2020 single by Dafina Zeqiri featuring Yll Limani

"Mos shko" (/sq/; ) is a song by Kosovar singer and songwriter Dafina Zeqiri featuring Kosovar singer Yll Limani released as a single on 27 December 2020 by Bzzz Entertainment and Moneyz. "Mos shko" was written by Zeqiri and Albanian singer and songwriter Elinel, and produced by Albanian producer Rzon. An official music video was uploaded simultaneously with the single's release onto YouTube also being awarded the "Best Image In The Clip" at the 2021 Netët e Klipit Shqiptar gala.

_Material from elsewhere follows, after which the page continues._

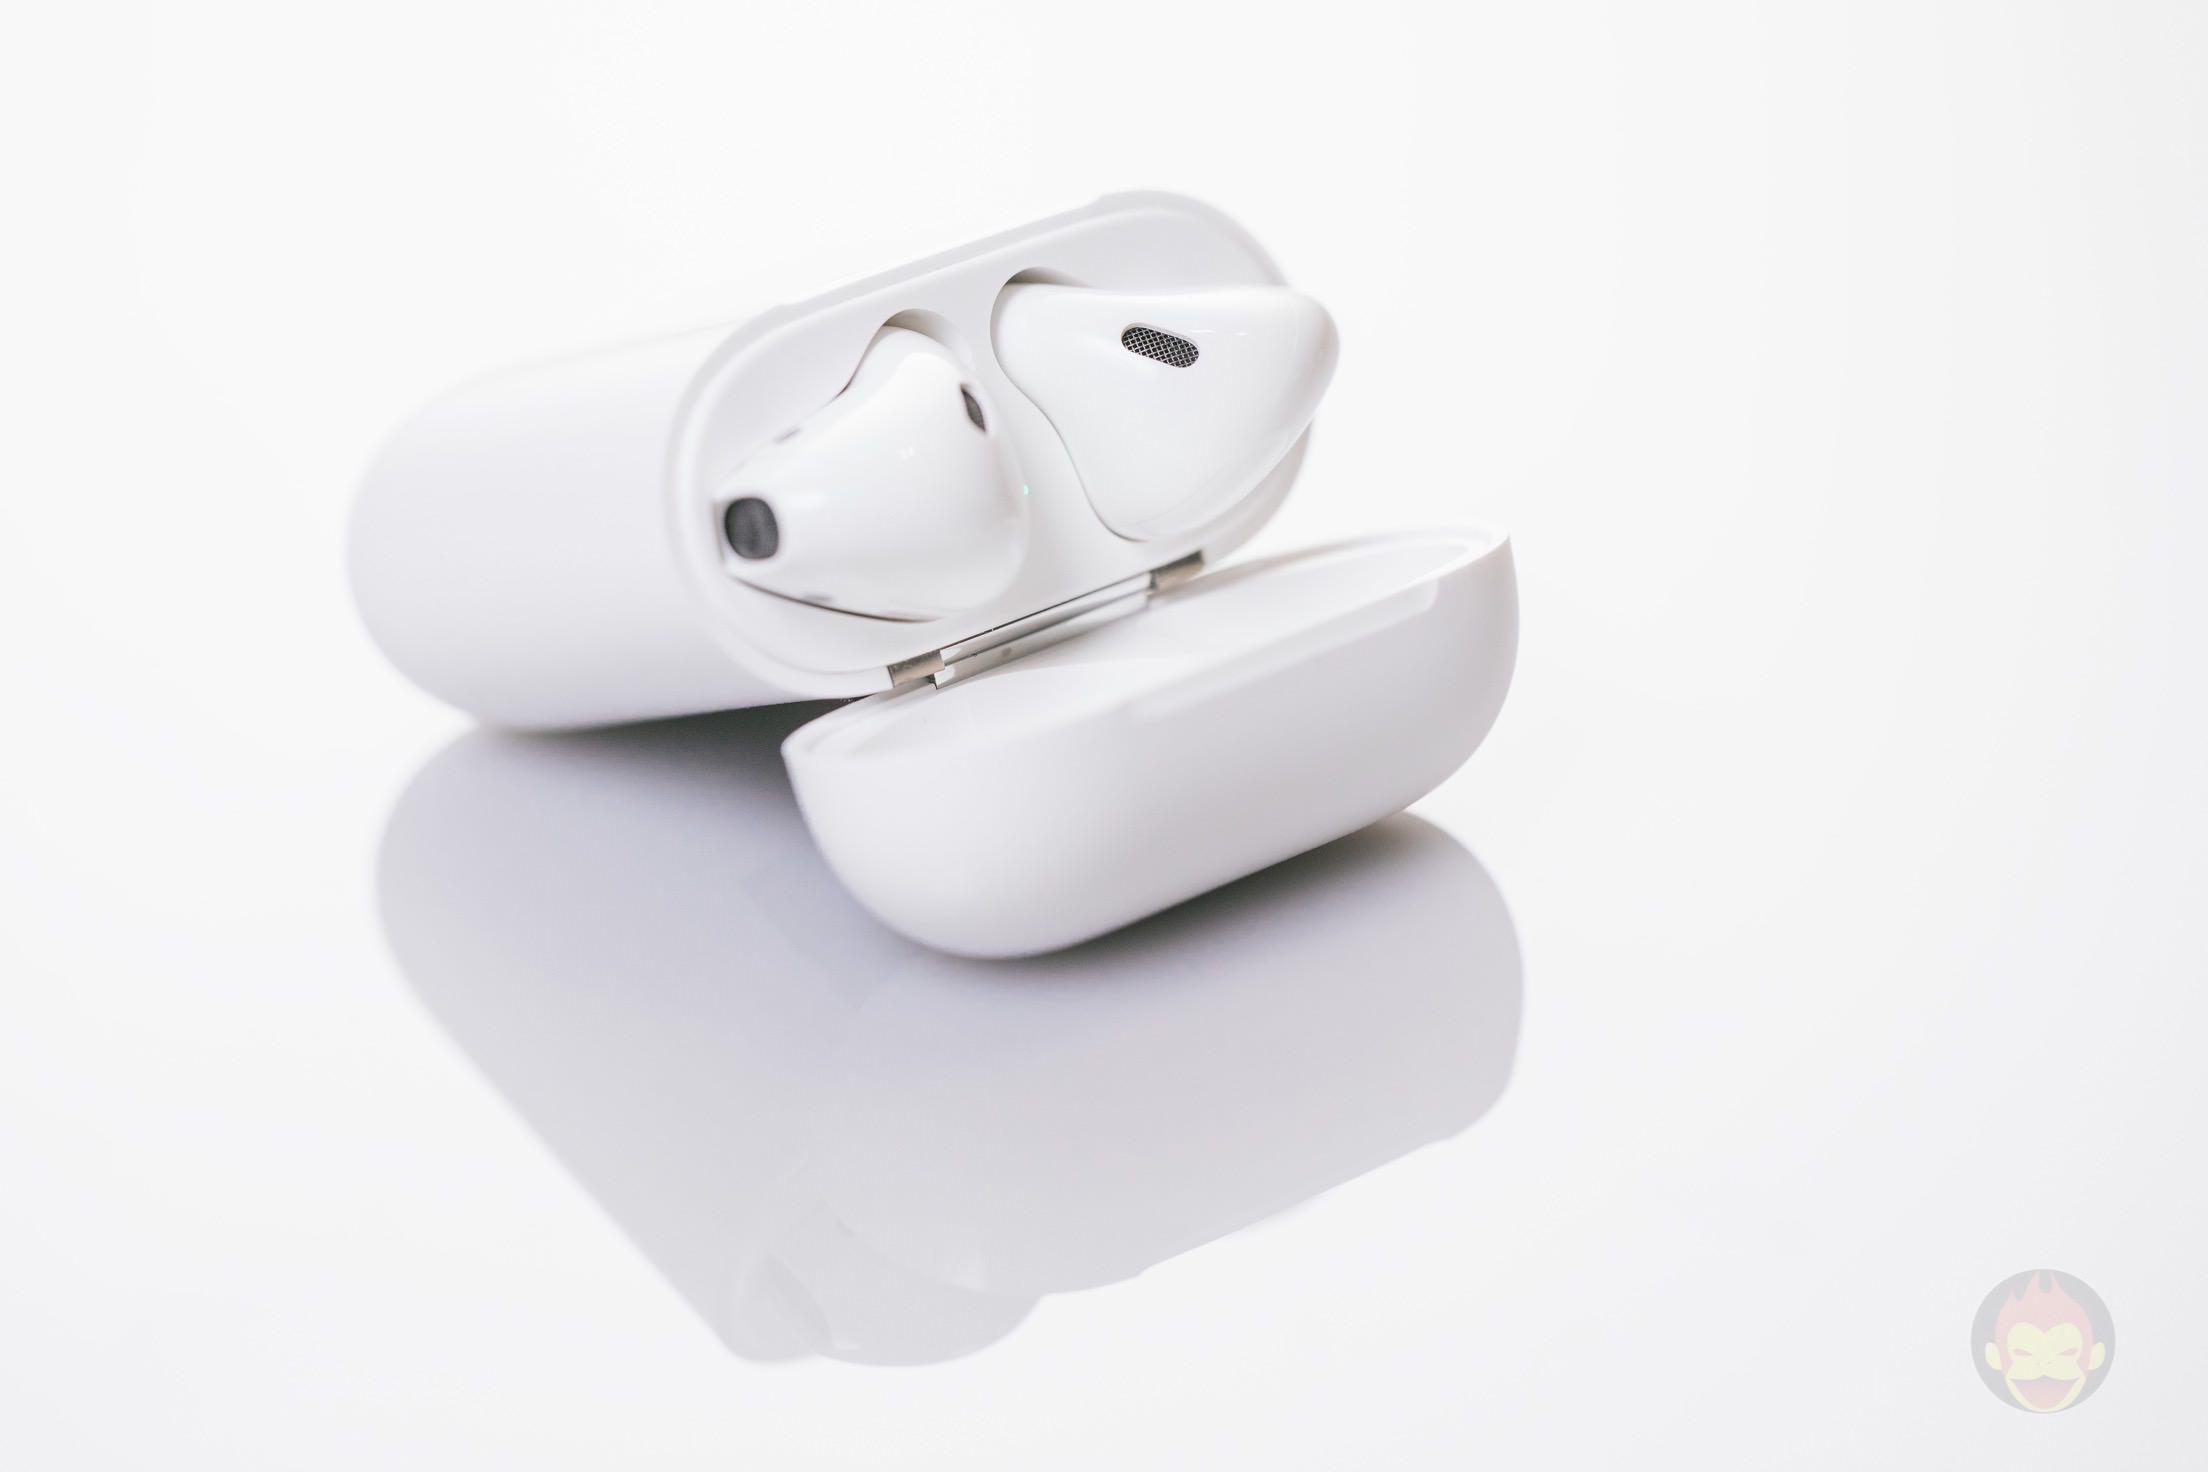 Apple Wireless Earphones AirPods Review

== Background and composition ==

"Mos shko" was written by Albanian singer and songwriter Elinel alongside Zeqiri, who was also credited for the composition. Albanian producer Rzon handled the producing process of "Mos shko". In early December 2020, Zeqiri published a photo on her social media in which she teased her upcoming single featuring Kosovo-Albanian singer and songwriter Yll Limani by briefly elaborating on its creation in the studio; written in the photo, Zeqiri announced that the single would have the name "Mos shko". Musically, it is an Albanian language r&b-inspired electro-pop song, featuring both singers singing in a "passionate" tone. It lyrically discusses an unresolved relationship where two lovers are finding it hard to go their separate ways.

== Music video ==

Prior to the release, Zeqiri and Limani teased the accompanying music video for "Mos shko" with a preview posted to their respective Instagram accounts. The video was ultimately premiered simultaneously with the single's release to the official YouTube channel of Dafina Zeqiri on 27 December 2020 at 18:00 (CET) on YouTube. Additionally, it was awarded with the "Best Image In The Clip" at the 2021 Netët e Klipit Shqiptar gala in Ulcinj, Montenegro.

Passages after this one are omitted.